Was there any specific intention behind making every photograph black and white?

Black and white photography is just the way I shoot. I think shooting with color is beautiful, I just personally don’t enjoy it. There’s a truth to black and white photography that I haven’t been able to find with color photography in terms of my own personal work. It forces you to focus on the subject. I like the directness.

An NYPD officer stares directly into the camera
Photo by Fatima Julien.

Is there a future for this photo series?

I have so many more [photos] but I was like, I’m tired of spamming Instagram. It felt weird posting them all with everything going on. I didn’t want it to become about me, per se, because I found myself refreshing, checking to see how many likes they got. I think for now I am not going to post my pictures, but instead I will repost the pictures, for example, of the cops who murdered Breonna Taylor. I think the whole point is, as opposed to having Black people’s faces splattered everywhere potentially putting us in danger, I rather it be the other way around, like we splatter their faces around, and we show who the bad guys are. A lot of times history forgets to immortalize the bad guys. We do immortalize the good guys but that also places us in a spot of vulnerability.

Why did you start creating art?

I think photography, specifically, it was mostly anxiety. Because my anxiety is so crazy, it’s all about figuring out ways to have control over my environment, that way I don’t feel like I am going insane all the time. So basically my photography was a way to kinda like take a picture, and then spending time and editing it. It was a way of calming down. It was soothing. It was more like me having agency over the things around me as opposed to the things around me having agency over me. I started taking pictures because of that.

How would you describe your artistic process?

So many accidents. I have an ongoing text message chain with myself where I will just wake up in the middle of the night and be like, “Oh, this is an idea I have,” like a movie idea or something that I want to write and I will just text it to myself. They’ll come to me in dreams. A lot of my academic pursuits also informed what I want to be doing. For my thesis, I was writing about Haitian Loas and Haitian Spirits and just how Haitian Voodoo worked. And a lot of my subsequent ideas in filmmaking and so on were informed by that. I do want it to be a bit more intentional I think. That is what I tried to focus on with the series Portraits of Pigs, I was trying to make it as intentional as possible.

A trio of NYPD officers with pig snouts stand in the street
Photo by Fatima Julien.

What role does art play in the revolution?

If we consider writing and all that other stuff art, like a lot of that has historically been written by white people. It has been written about us. It has been written about the oppressed. Pictures have been drawn of the oppressed. The Hatian Revolution, I think a lot of the paintings we have of it were drawn or painted by white people, which is mad weird because this was one of the instances where we were the victors, and that’s something that I never could wrap my head around. In terms of having agency over yourself, having agency over your body which is a very big part of the revolution; art plays a huge role in that sense.

We have to create our own narratives and we have to rebel against the narratives that were written for us.

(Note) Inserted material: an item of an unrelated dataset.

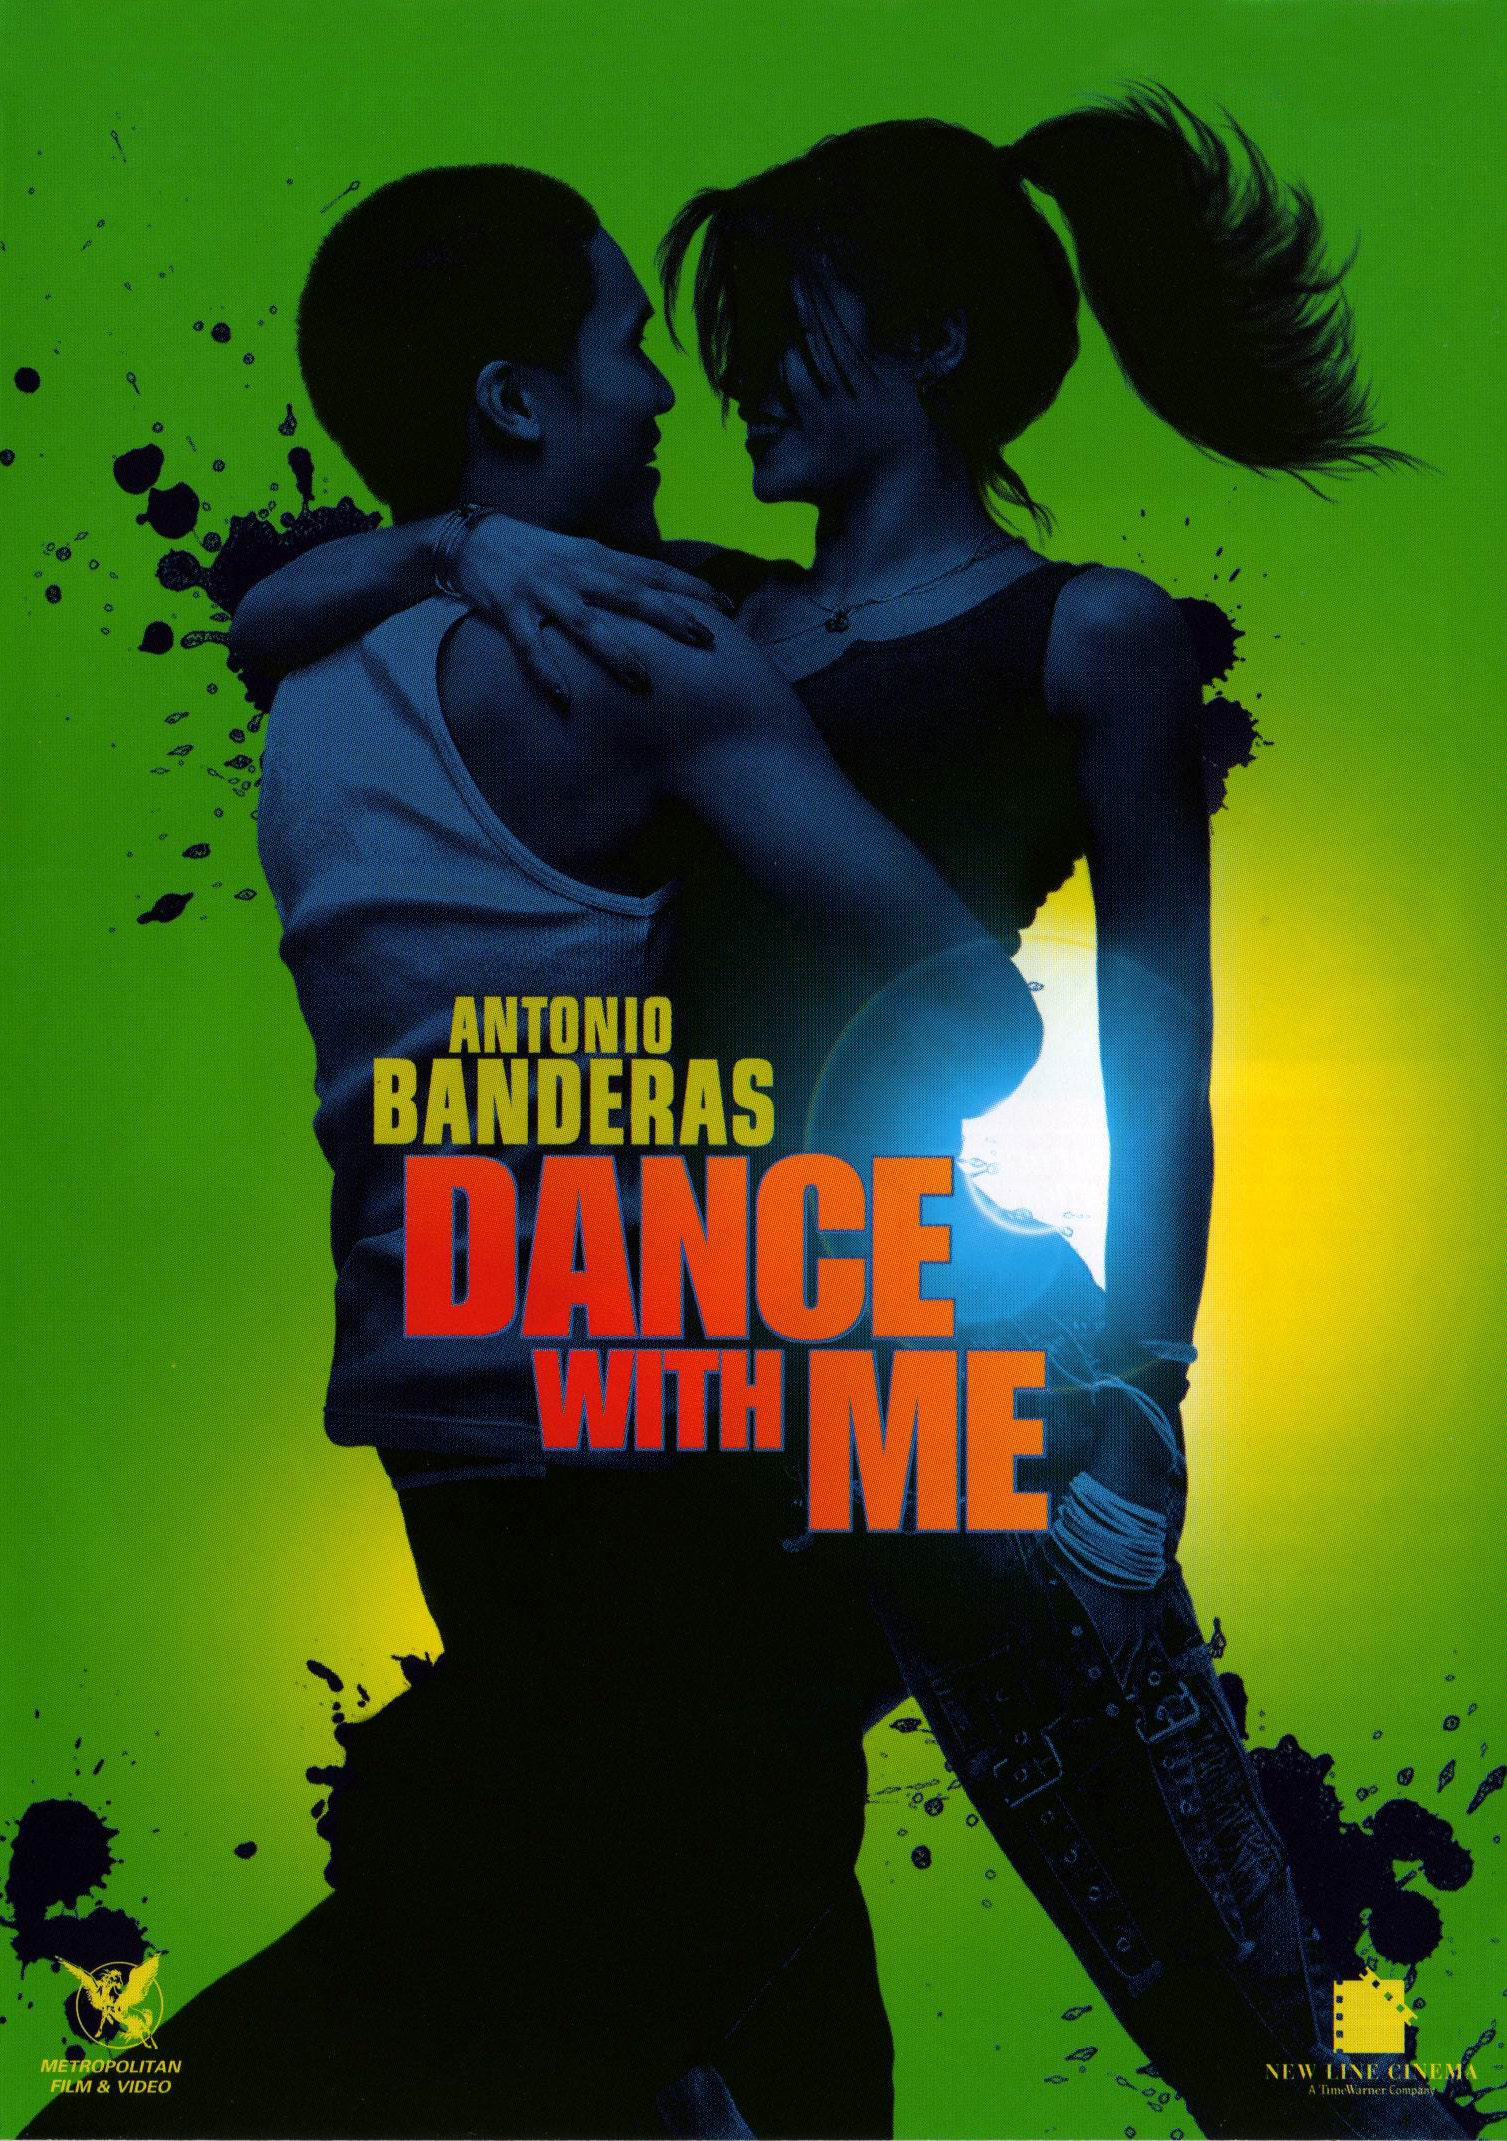 Regarder Dance with me en streaming gratuit

If everything is as a result of narrative, then we have to be able to take those narratives back and change them, or reimagine them in order for us to be able to move forward. With everyone being like, ‘But what are we going to do in the future? What’s going to happen when we do abolish the police?” You can’t necessarily imagine another world if you’re still stuck in it. So we need people that are actively re-imagining worlds. We need people that are actively working on destroying this world with their art. We need people that are actively contributing to alternate narratives as opposed to focusing on whatever [narratives] have been circulating now for centuries.